WORK INSTRUCTIONS |
Output the lines of the records exactly, from the first through the one containing "İstanbul'a kar yağacak". Omit all pictures.

DATASET |
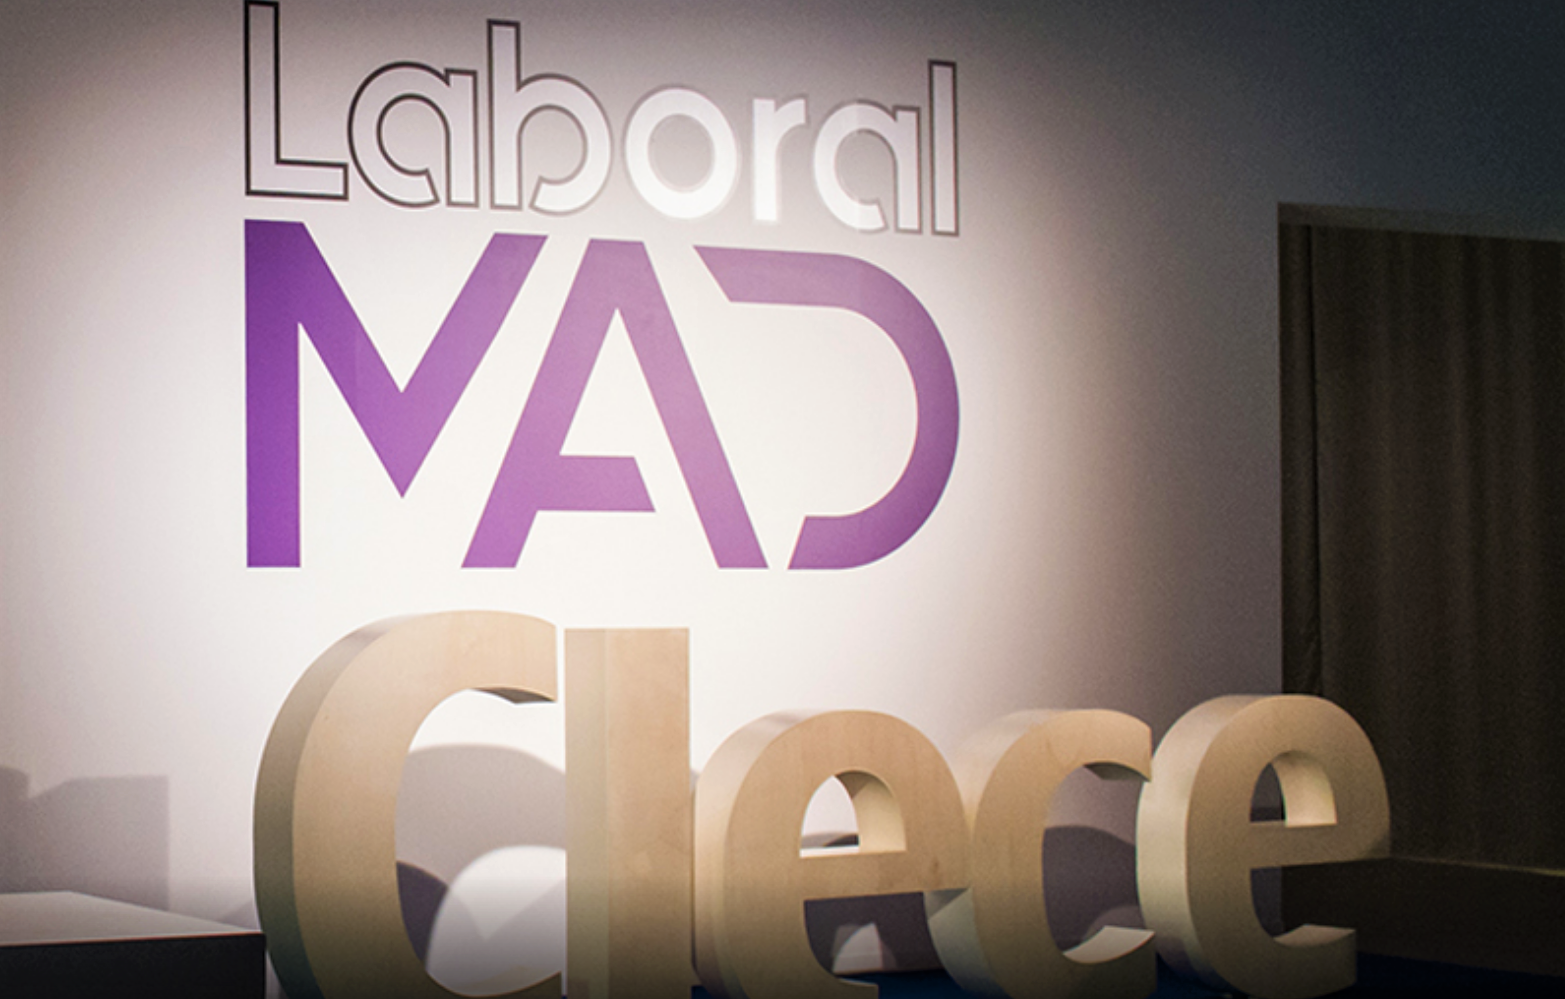 Evento Laboral MAD organizado por la empresa Clece. Youtube
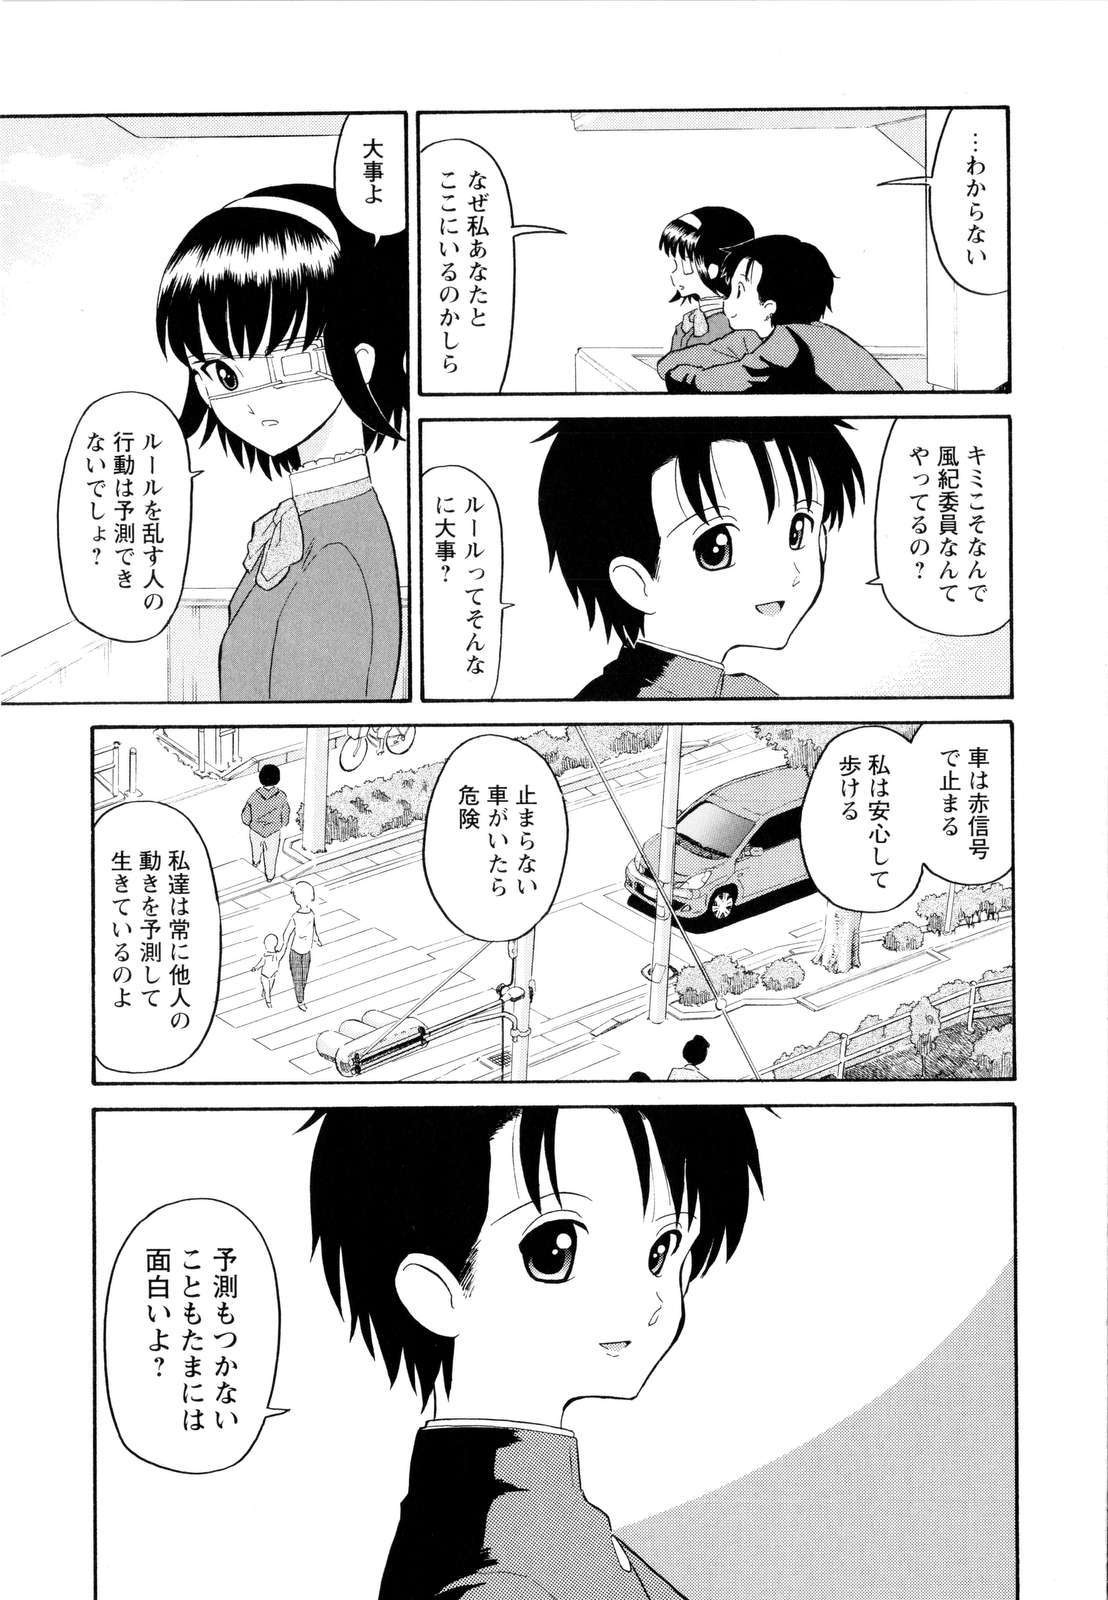 [Dozamura] Haruka 69 Vol.2 page 18 full
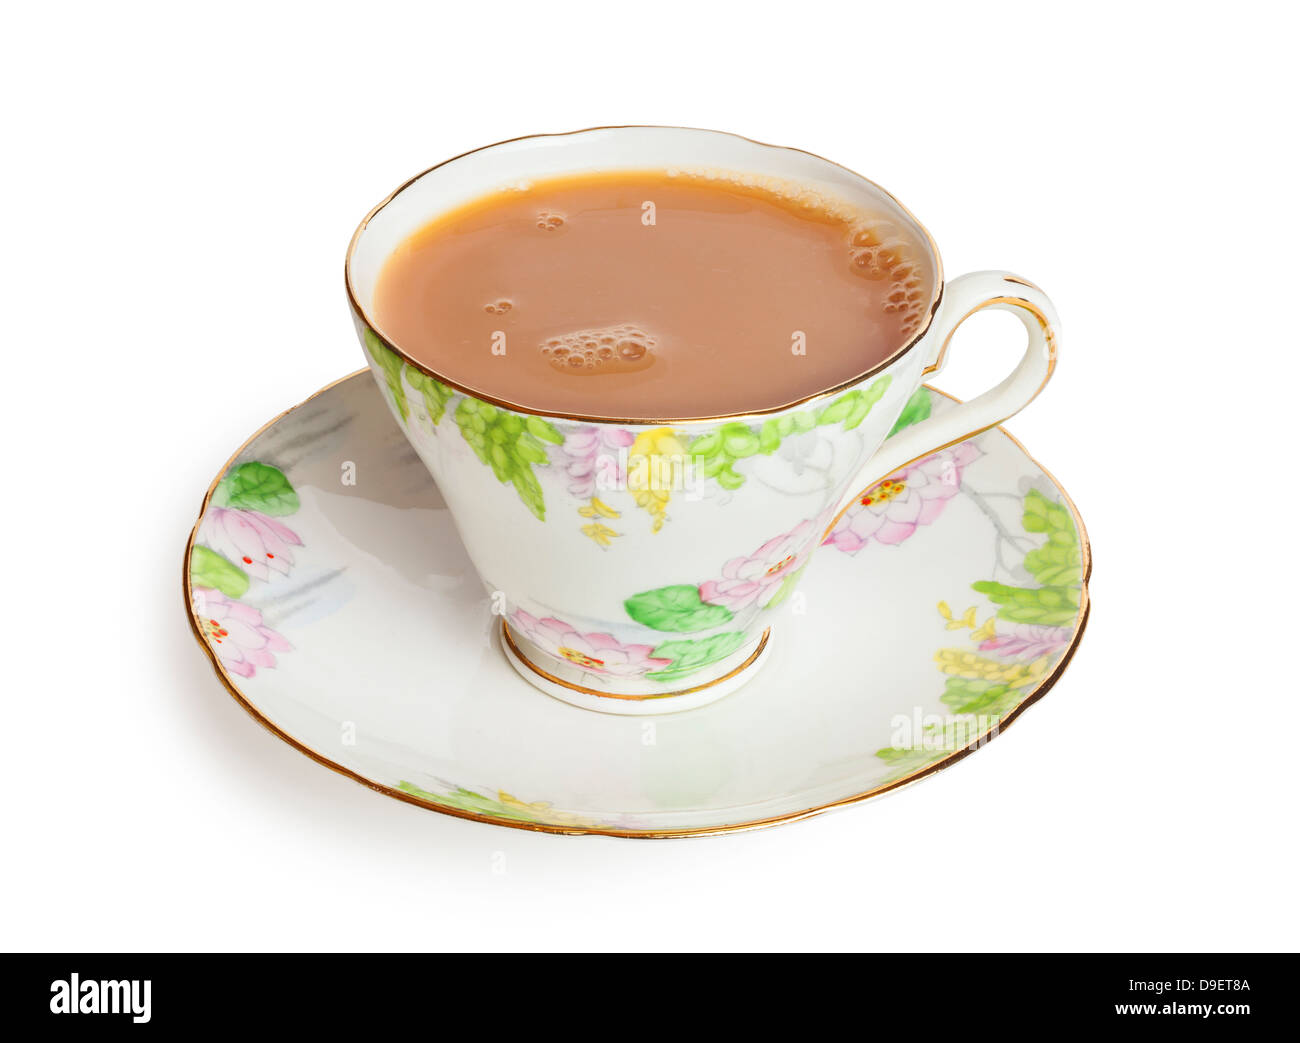 Tasse Tee mit Milch in einem hübschen Bone China Tasse frisch gegossen mit Luftblasen auf Oberfläche, von vorne nach hinten Fokus, isoliert auf... Stockfoto
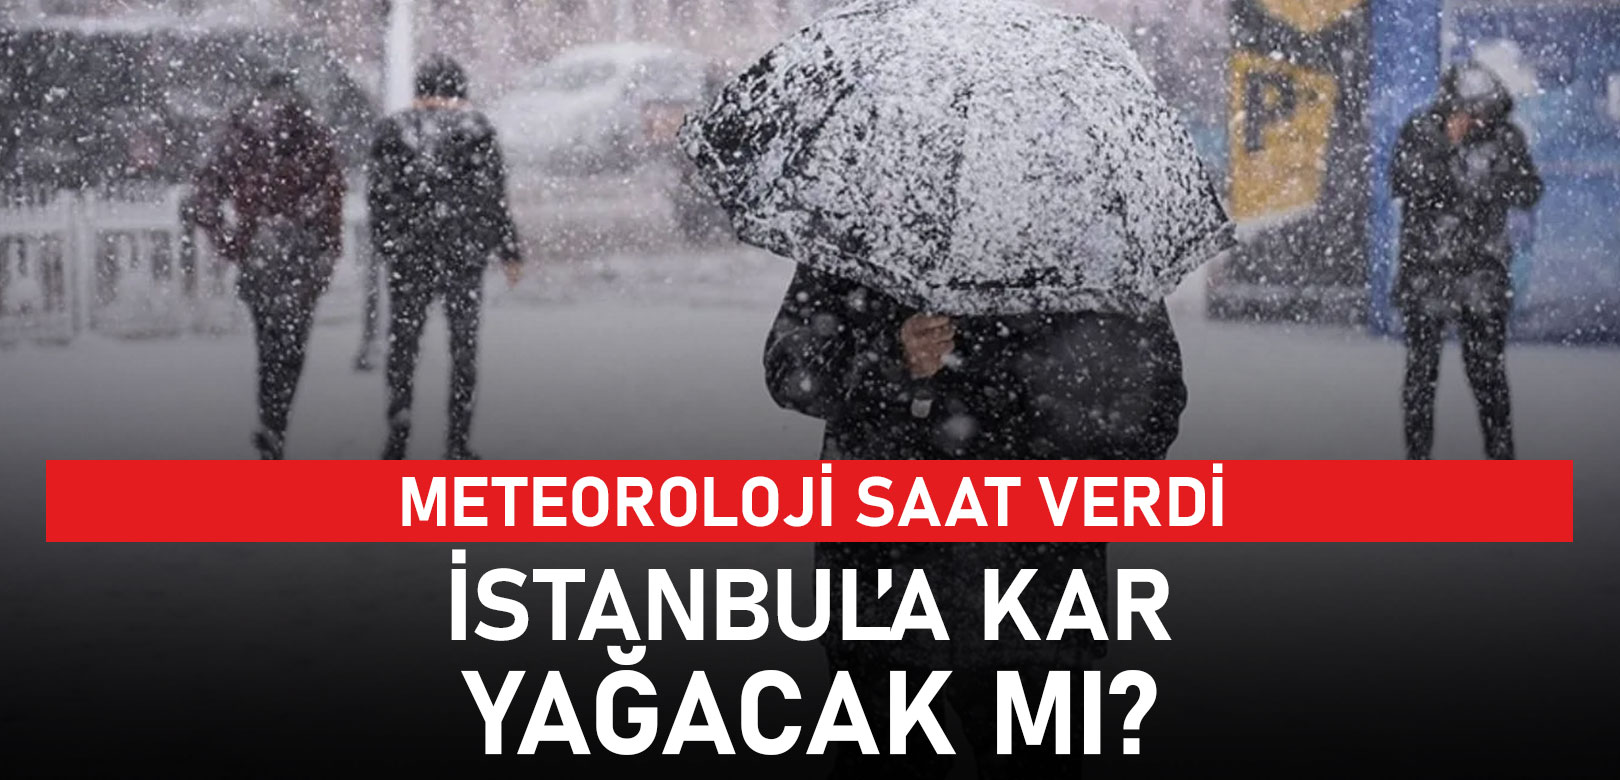 İstanbul'a kar yağacak mı? Meteoroloji saat verdi
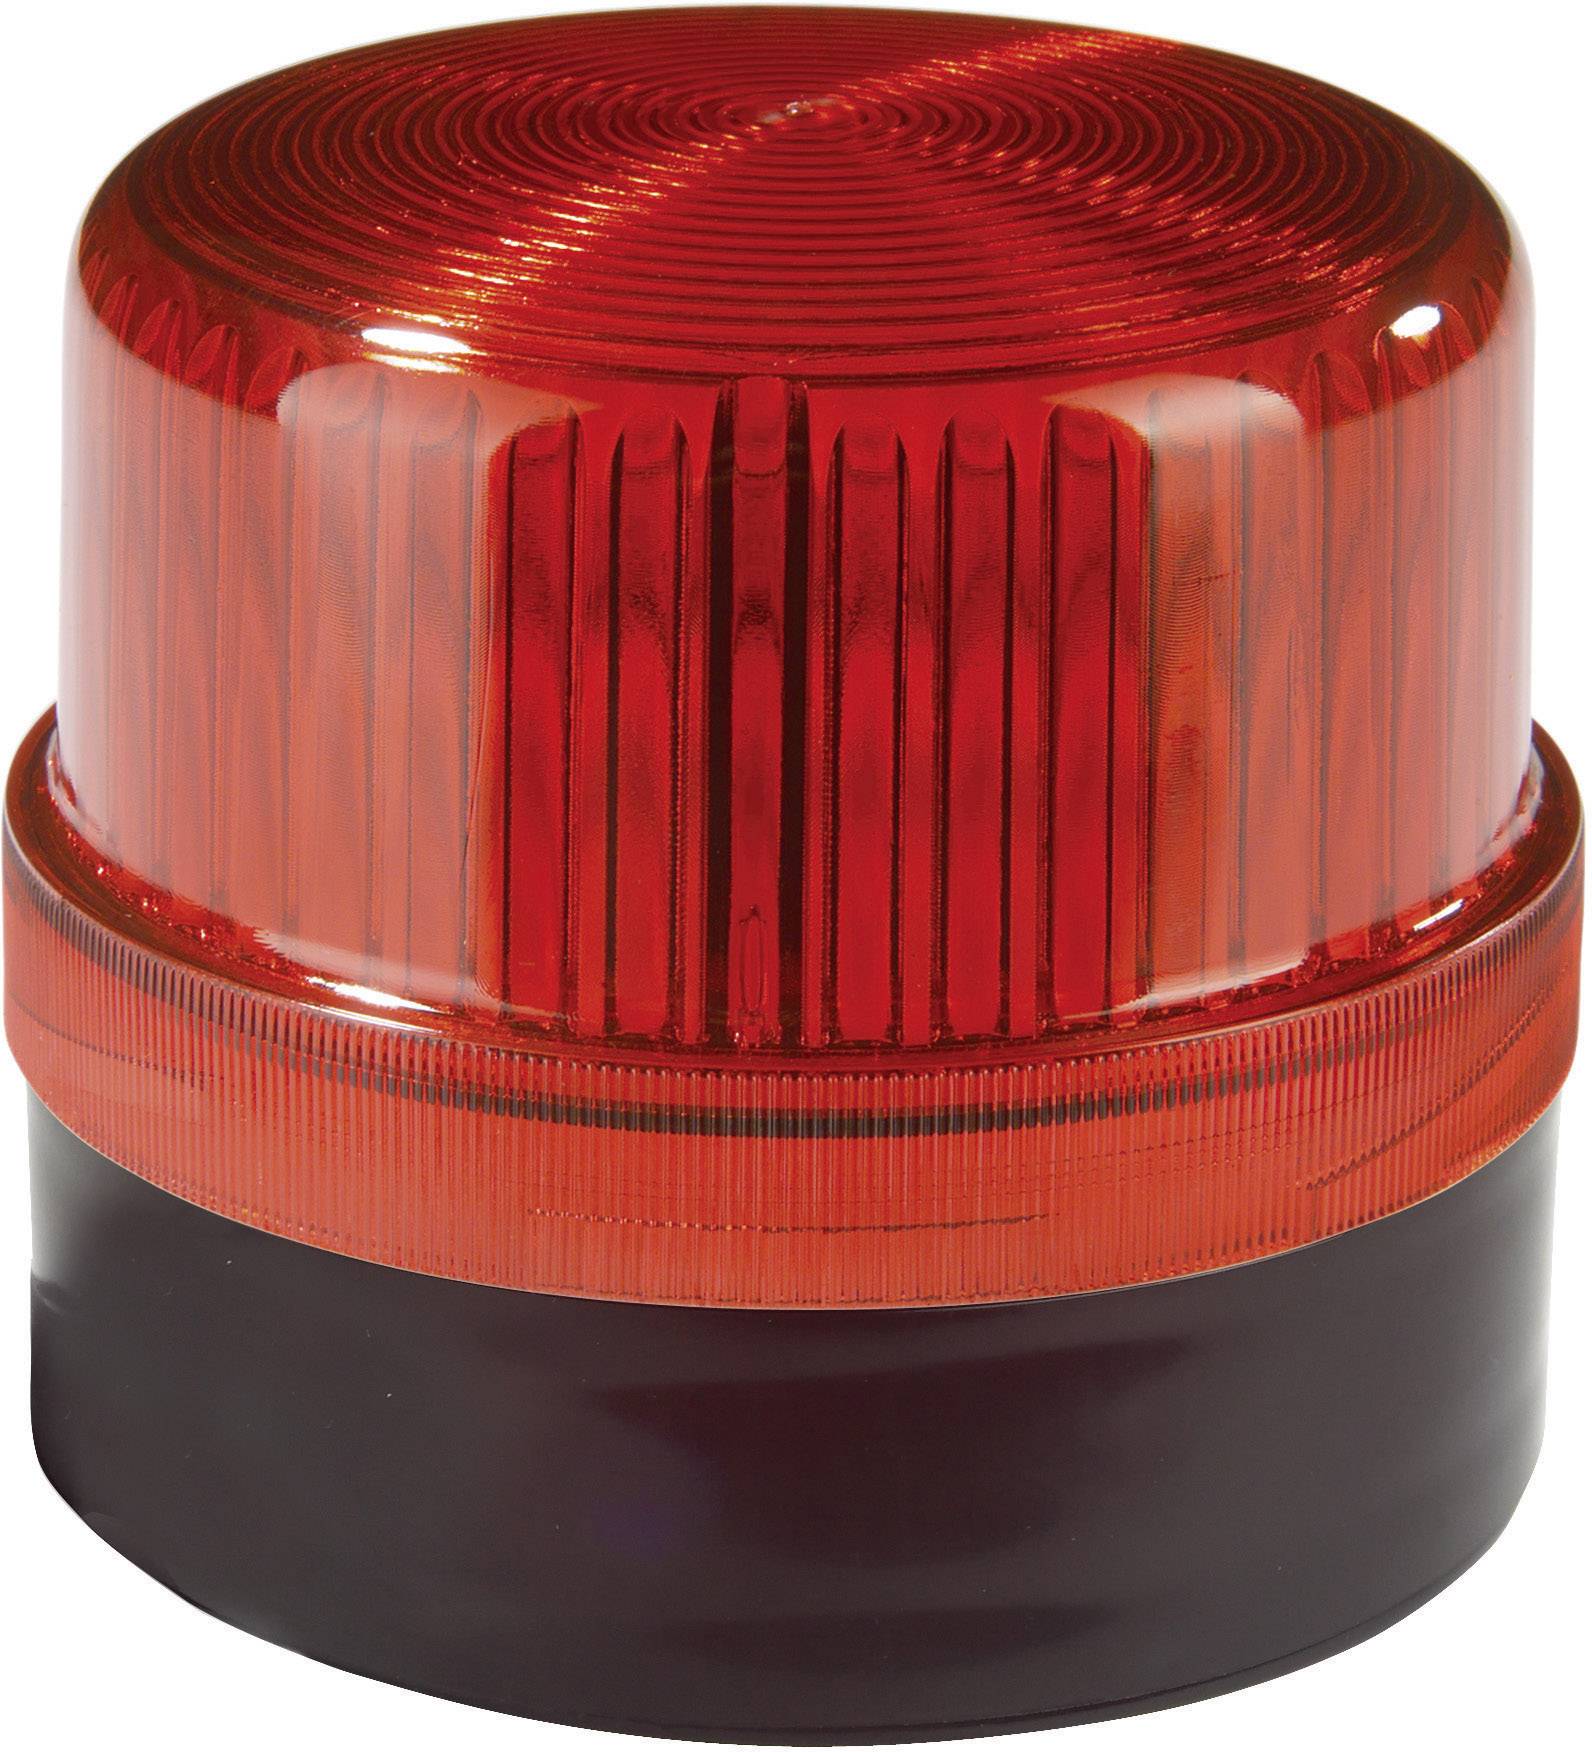 AUER SIGNAL Signalleuchte LED Auer Signalgeräte DLG Rot Rot Dauerlicht 24 V/DC, 24 V/AC

SOLUTION TO THIS PROBLEM |
 Evento Laboral MAD organizado por la empresa Clece. Youtube
 [Dozamura] Haruka 69 Vol.2 page 18 full
 Tasse Tee mit Milch in einem hübschen Bone China Tasse frisch gegossen mit Luftblasen auf Oberfläche, von vorne nach hinten Fokus, isoliert auf... Stockfoto
 İstanbul'a kar yağacak mı? Meteoroloji saat verdi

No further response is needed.